Dealing with passive-aggressive people

Be respectful. No attacks allowed. If you feed into the tendencies people already have, you’re just affirming and sustaining them instead of curbing them. Place a priority on honesty and authenticity, which both take trust. If you don’t build trust with people, they will often become defensive, which drives them into passive-aggressiveness. Be a role model for honesty and authenticity. Don’t say what you don’t mean. If there seems to be a misunderstanding, ask the other person, “Does that make sense or are there any questions you have that would make it clearer for you?” “I really don’t want to pass along any misunderstandings, so if you don’t mind, can you tell me how you heard my explanation? That way, we can head off any misunderstandings right away.”

Ask clarifying questions. “Are you sure you’re not angry?” “Is there anything you’d like to talk about or settle before we move on?” Offer your availability for follow-up. When possible, ask these questions and extend the offer in front of others, not for the purpose of “having backup” and proving your point later but by showing your intentions to more than one person. You might assume everyone understands or hears what you say, but you might be surprised when others confirm someone’s accusation that you didn’t say what you thought you said.

If subtle approaches don’t begin to change the behavior, you will need to get more direct. “I know you say everything is okay, but your quick responses (or silence or whatever behavior I observe that is inconsistent with the words someone is using) indicate the opposite to me.

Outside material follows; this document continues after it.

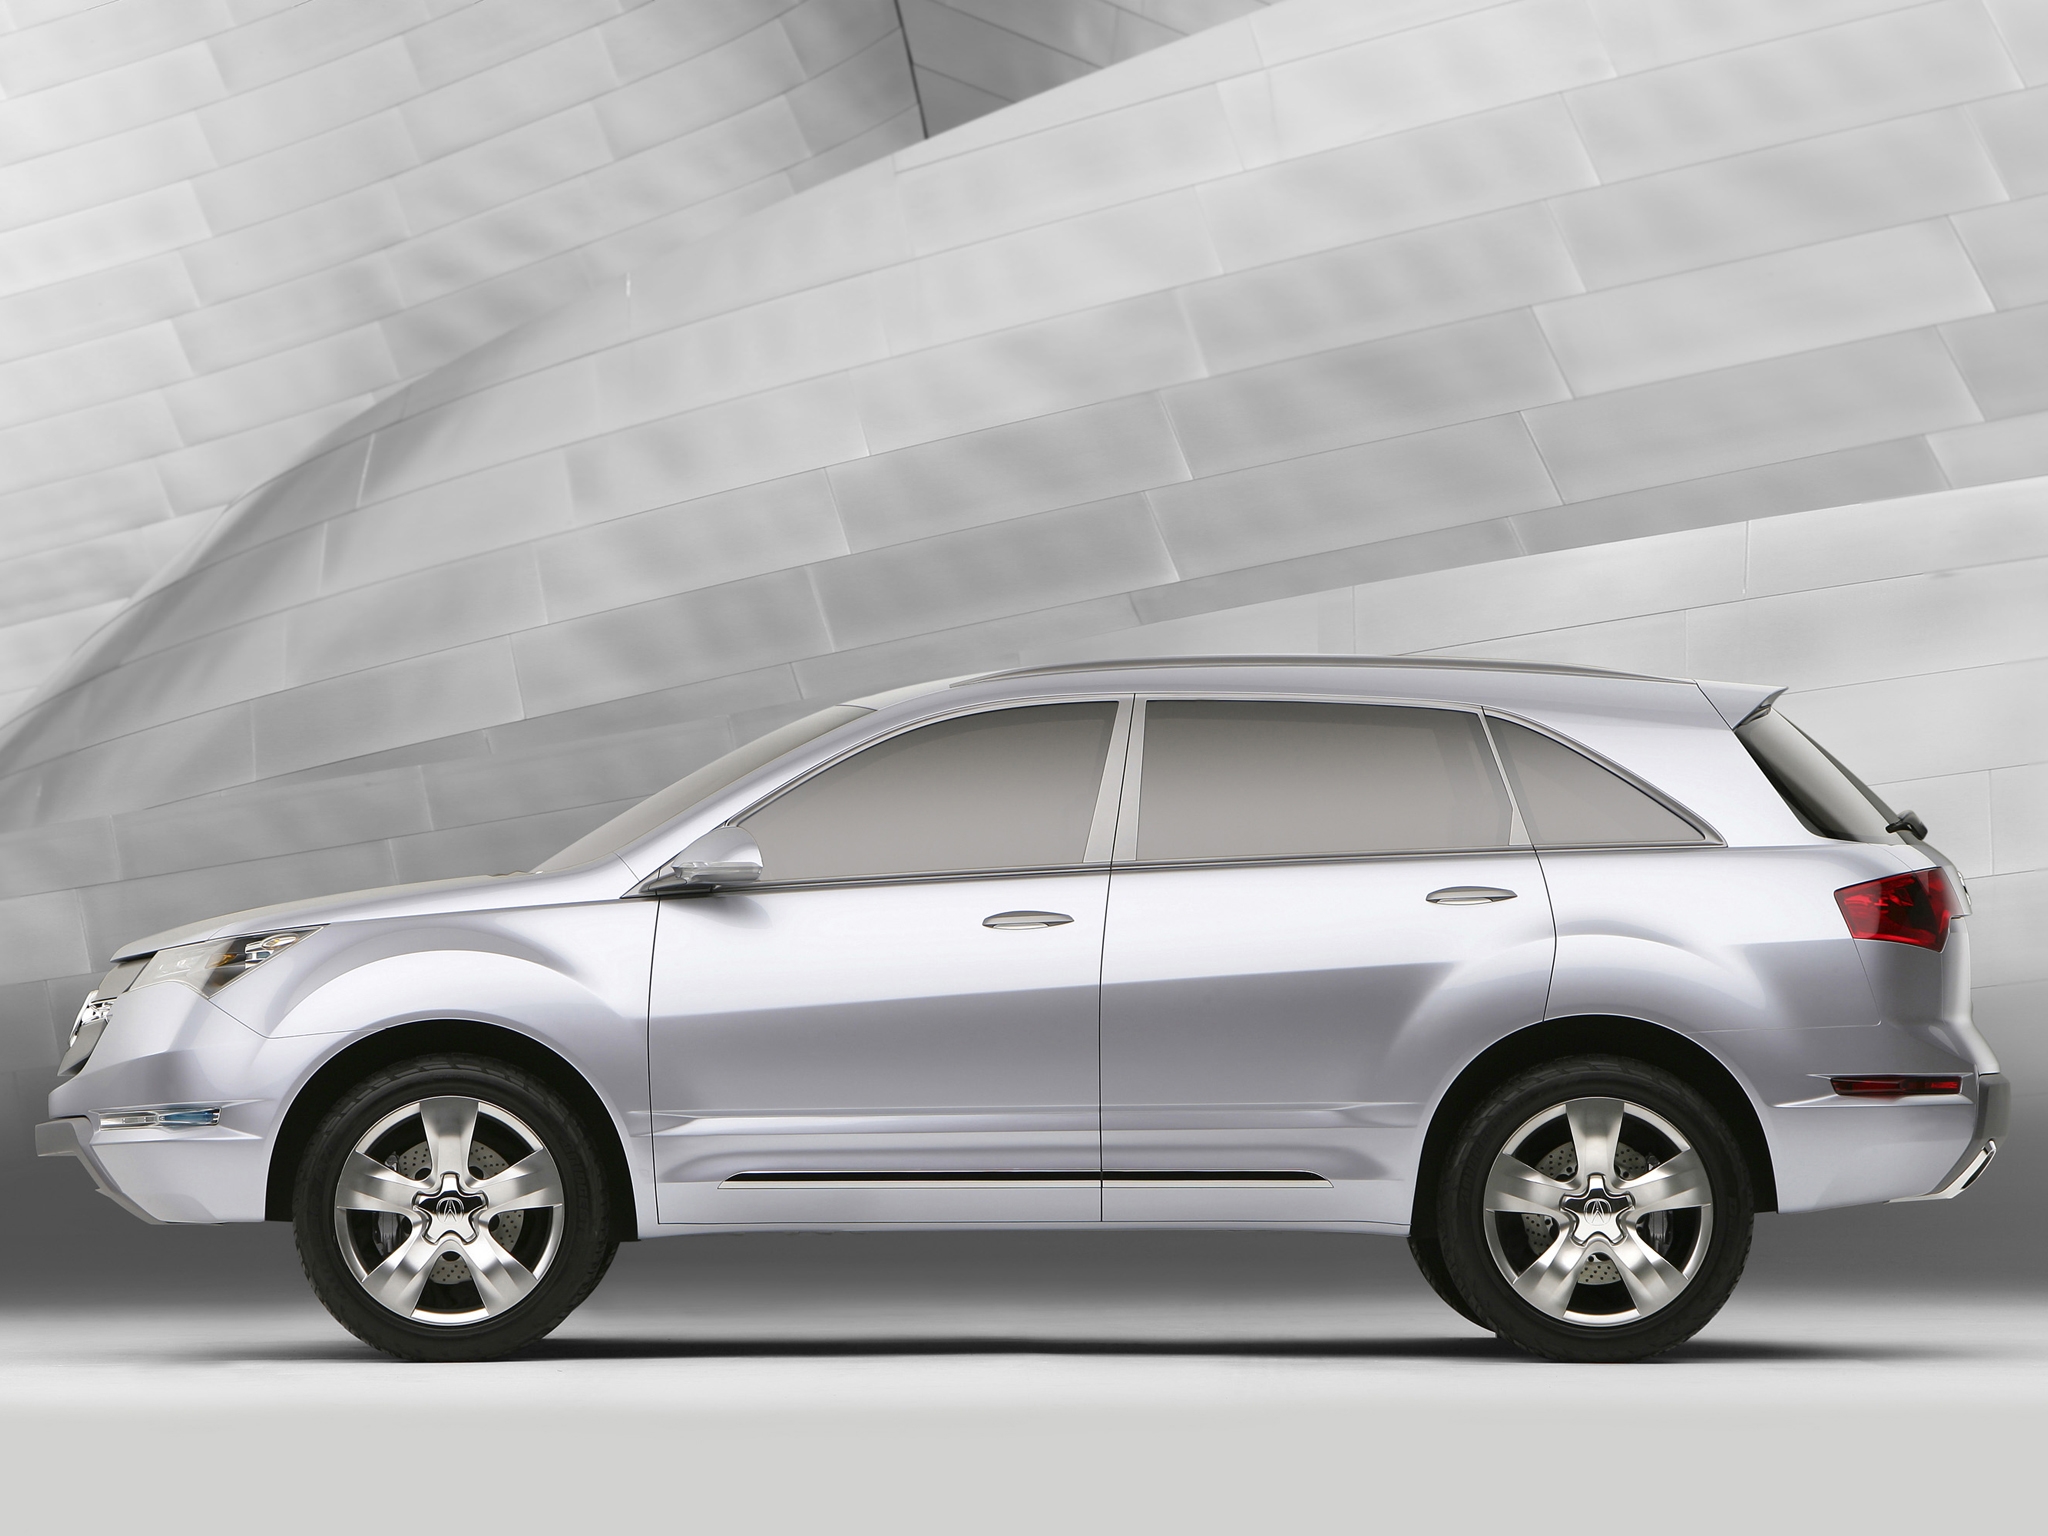 acura, cars, white, jeep, concept, side view, style, concept car, 2006, mdx

I want to talk this out, but if you insist what you’re saying is how you’re feeling, I’ll take you at your word.” When you essentially call someone out on their passive-aggressiveness, and she insists on continuing, you’ve at least respectfully let her know you notice what she’s doing. You’ve invited accountability into the relationship because if you find out later that the person wasn’t forthcoming, you can recall the conversation when you gave her an opportunity to express herself.